I've looked into the velocity diet and it really, really intrigues me, especially the part where Dan John says his cholesterol numbers were vastly improved, but hte idea of loading up on supplements for 28 days really deters me. I gave up the supplement-eating part of my life, though it's creeping back, I think. Still, if I don't venture far beyond fish oil, vitamins, and protein powder, I think I'm okay. It's once I start taking "fat burners" or "workout surge" stuff that I begin to worry.
anyhow, so I need to lose some weight. I've decided I'll do Draper's tuna and water diet, starting next Monday, because I've been meaning to try it for 10 years now, and because it's only 3 days so how bad could it be, and because I'm already feeling rather crummy so I won't notice much feeling more crummy, and because the whole point of it is that afterwards, you've flexed some discipline (not as much as it takes to do the V-diet, but it's cheaper, also higher in good stuff like omega 3 and mercury) and transition into a cleaner diet, which i am definitely both ready for and capable of doing.
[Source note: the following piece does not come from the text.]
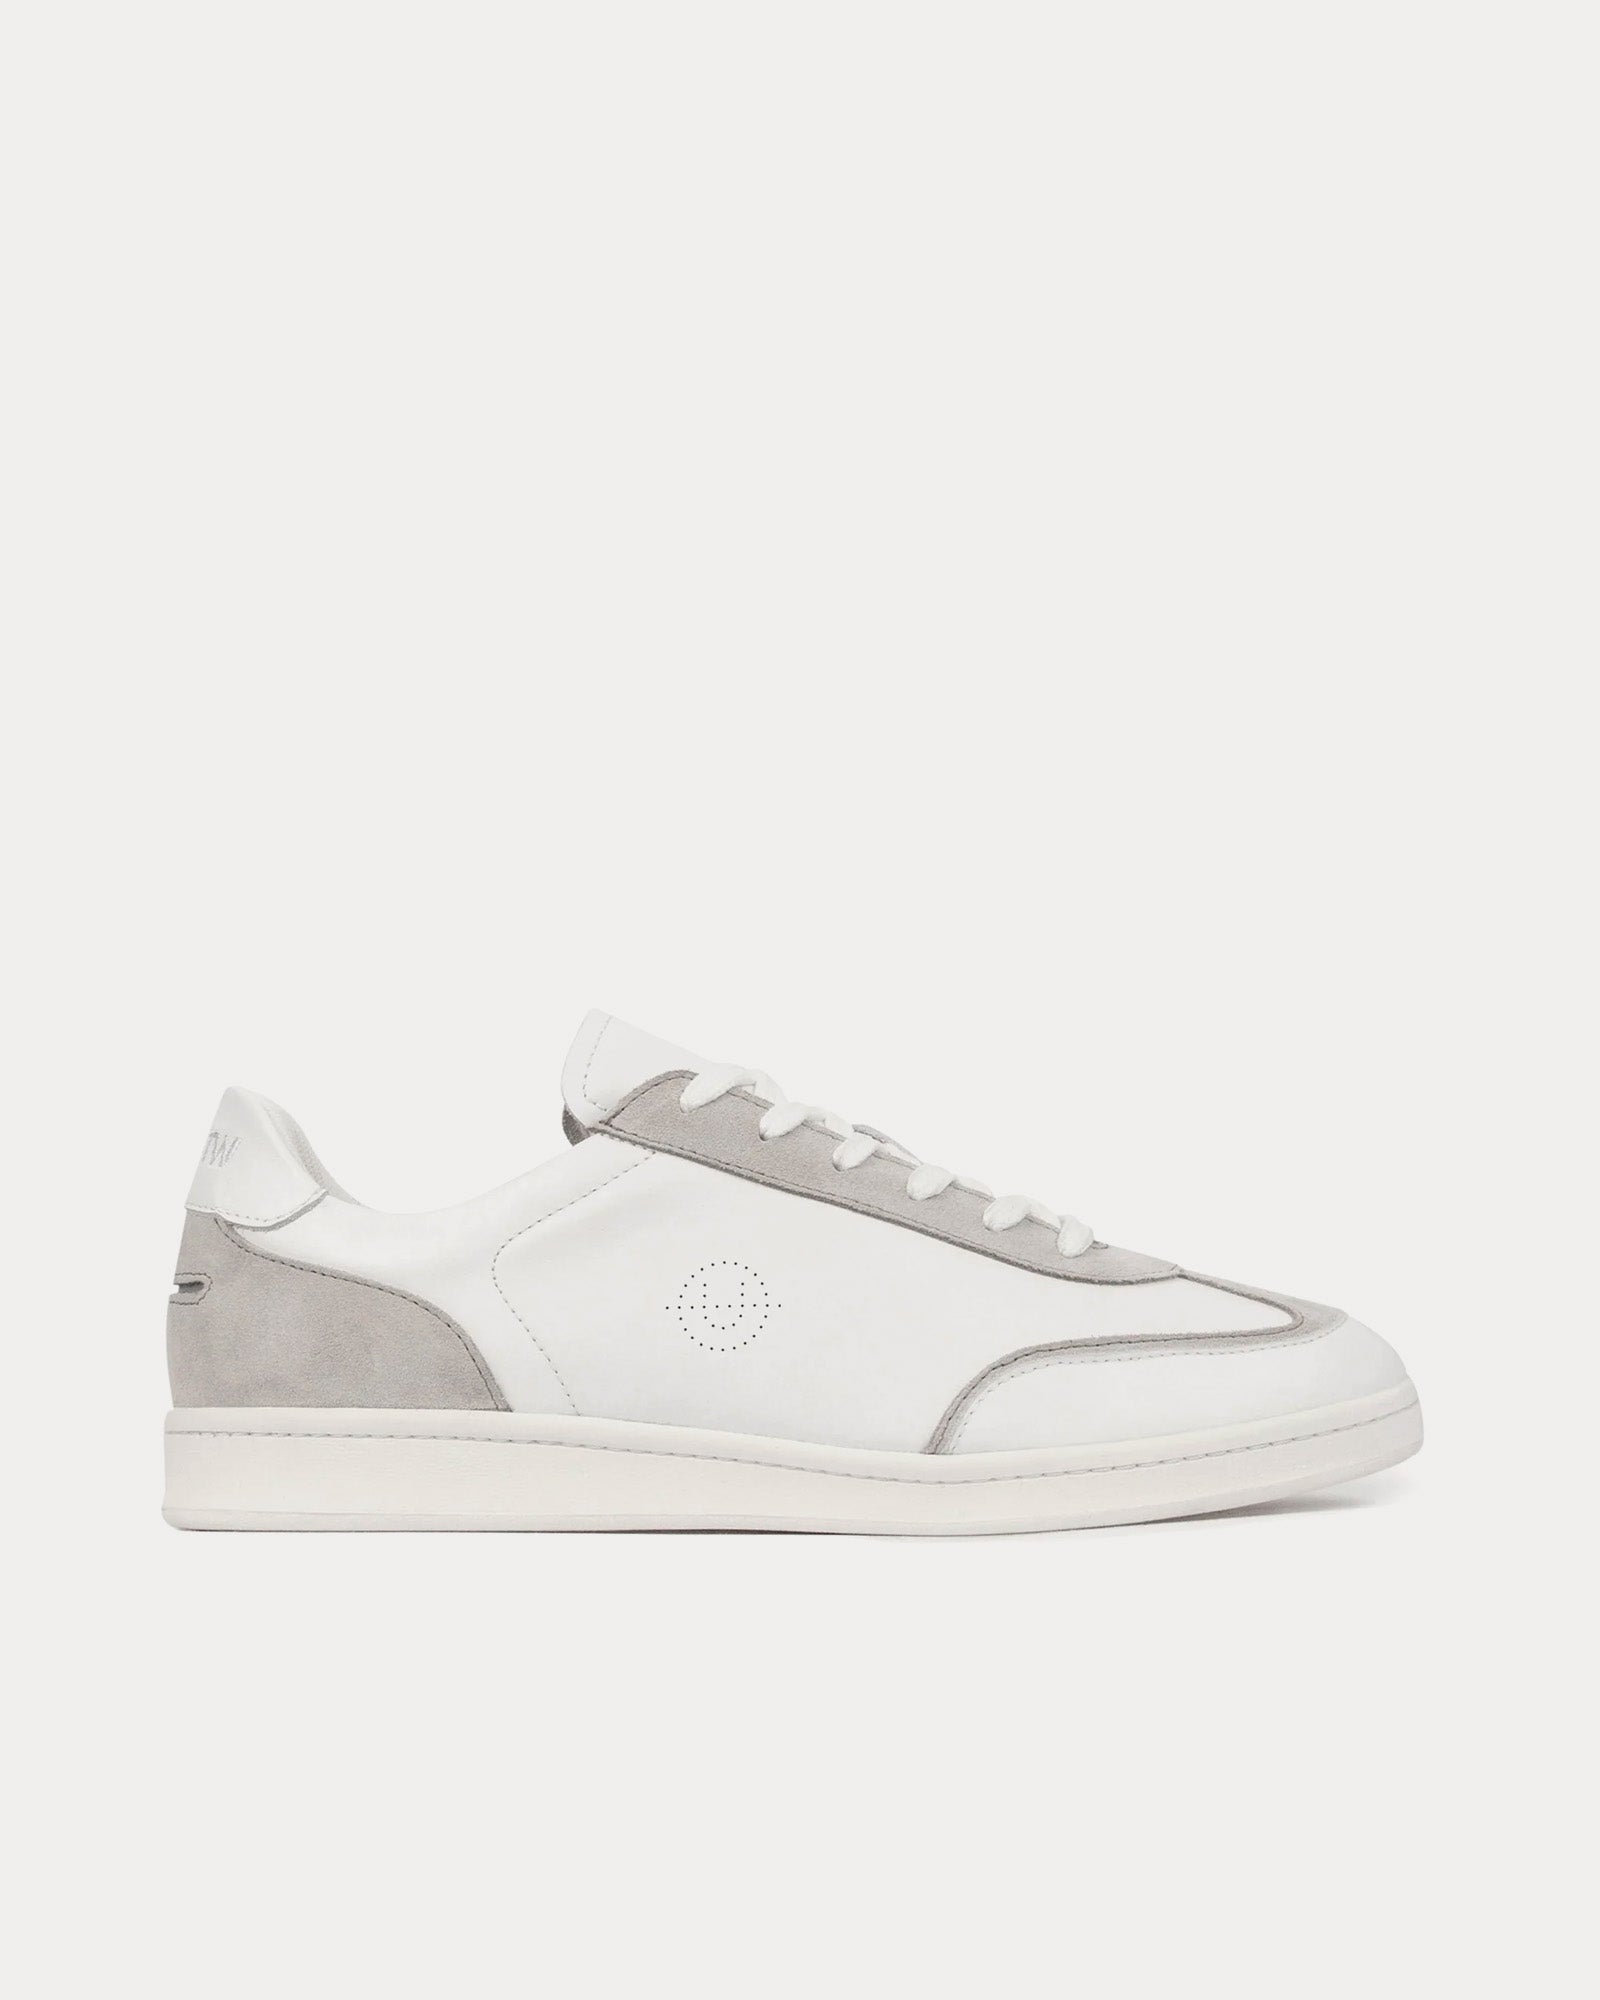 Unseen Footwear - Portelet Leather White / Grey Low Top Sneakers
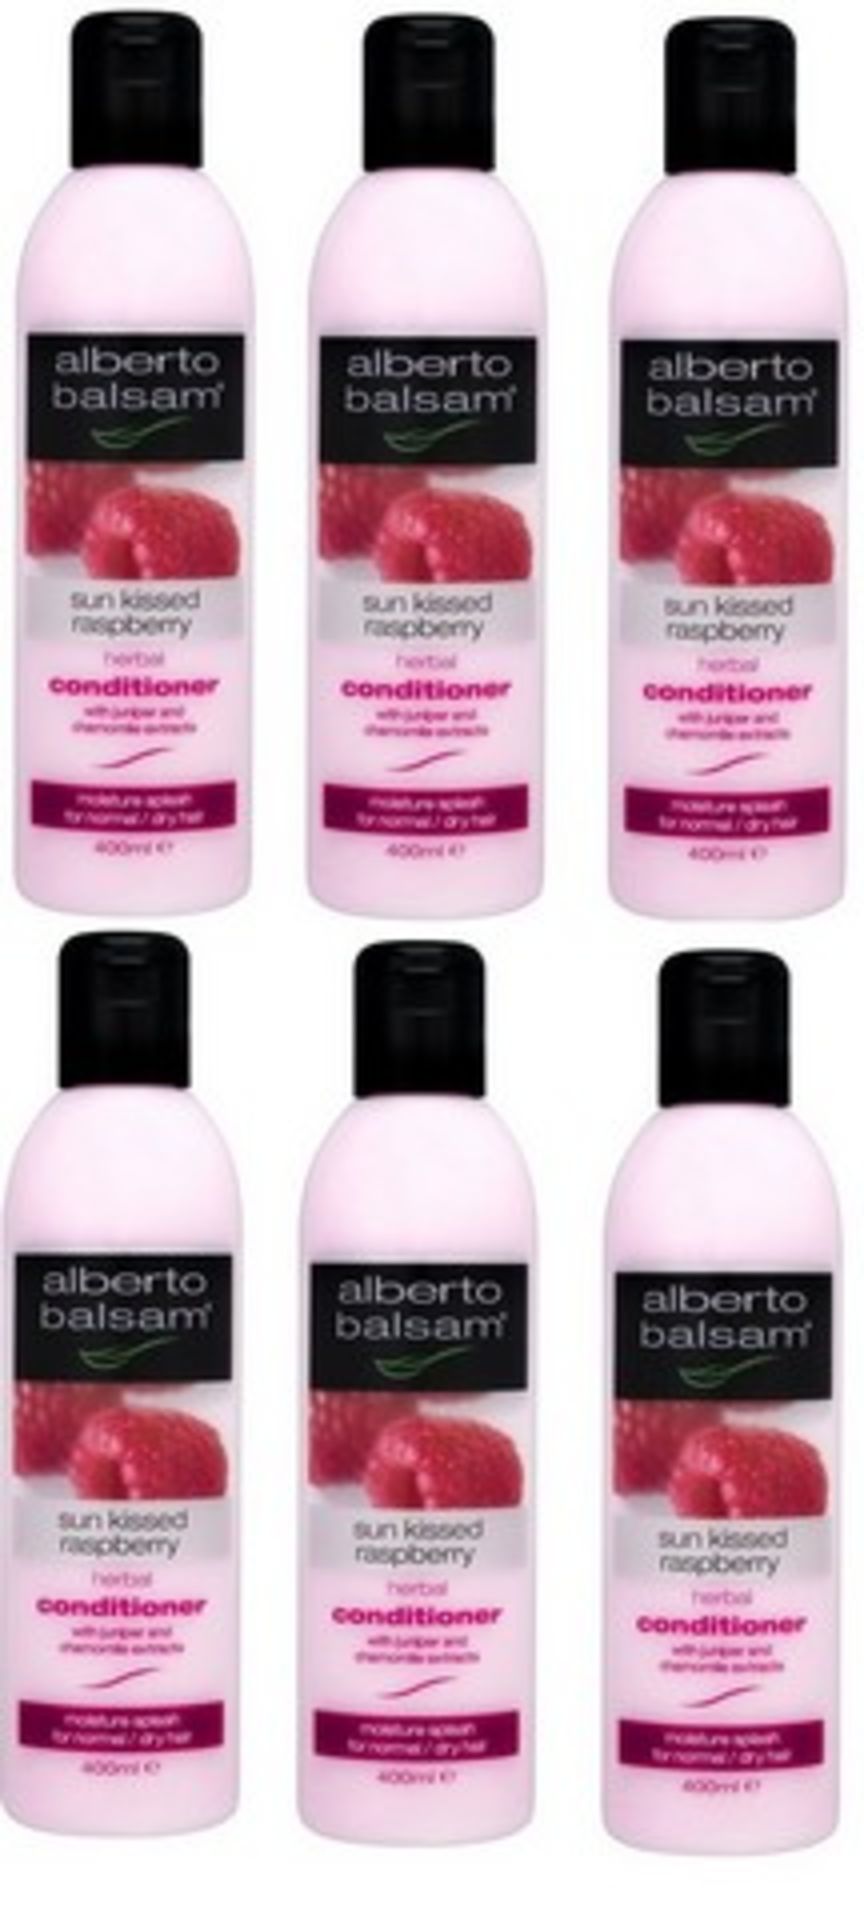 V Brand New A Lot Of Six 400ml Alberto Balsam Sun Kissed Raspberry Conditioner

I'm still not as strong as I'd like to be. My bench press is just starting to show some progress, my overhead press still sucks, and my deadlift, as much progress as I've made, still isn't 2x my weight.
today I did a set of 5 deadlifts at 365. it was pretty easy, as those things go. in my original set of recent goals, i wanted 5x315 to be easy. so that's nice. i've also been slowly learning new exercises, namely the overhead squat and the power snatch. i'd like to learn the olympic versions of the clean and the snatch.
anyhow, on with the goals and deadlines:
by my birthday in november:
body weight of 220lbs
deadlift 5RM of 405
bench press 5RM of 250lbs
olympic snatch 135lbs in excellent form
olympic clean 175lbs in excellent form
eating that is nice and clean but doesn't drive me nuts from boredom, isolation, or supplementation
after that I suppose i can take stock and reevaluate my goals. i used to say that 210 was an easy and comfortable weight for me to be, but i suspect 220 is similar as long as i'm lifting heavy.
i've got all kinds of things i'd like to try, like pavel's 40 day plan, more complexes, sets of 8 (heh, i've got so stuck into sets of 3 and 5 that 8 tires me out), and, someday, cycling again. but above all, i need to get the weight back down to where it's not pissing me off any more.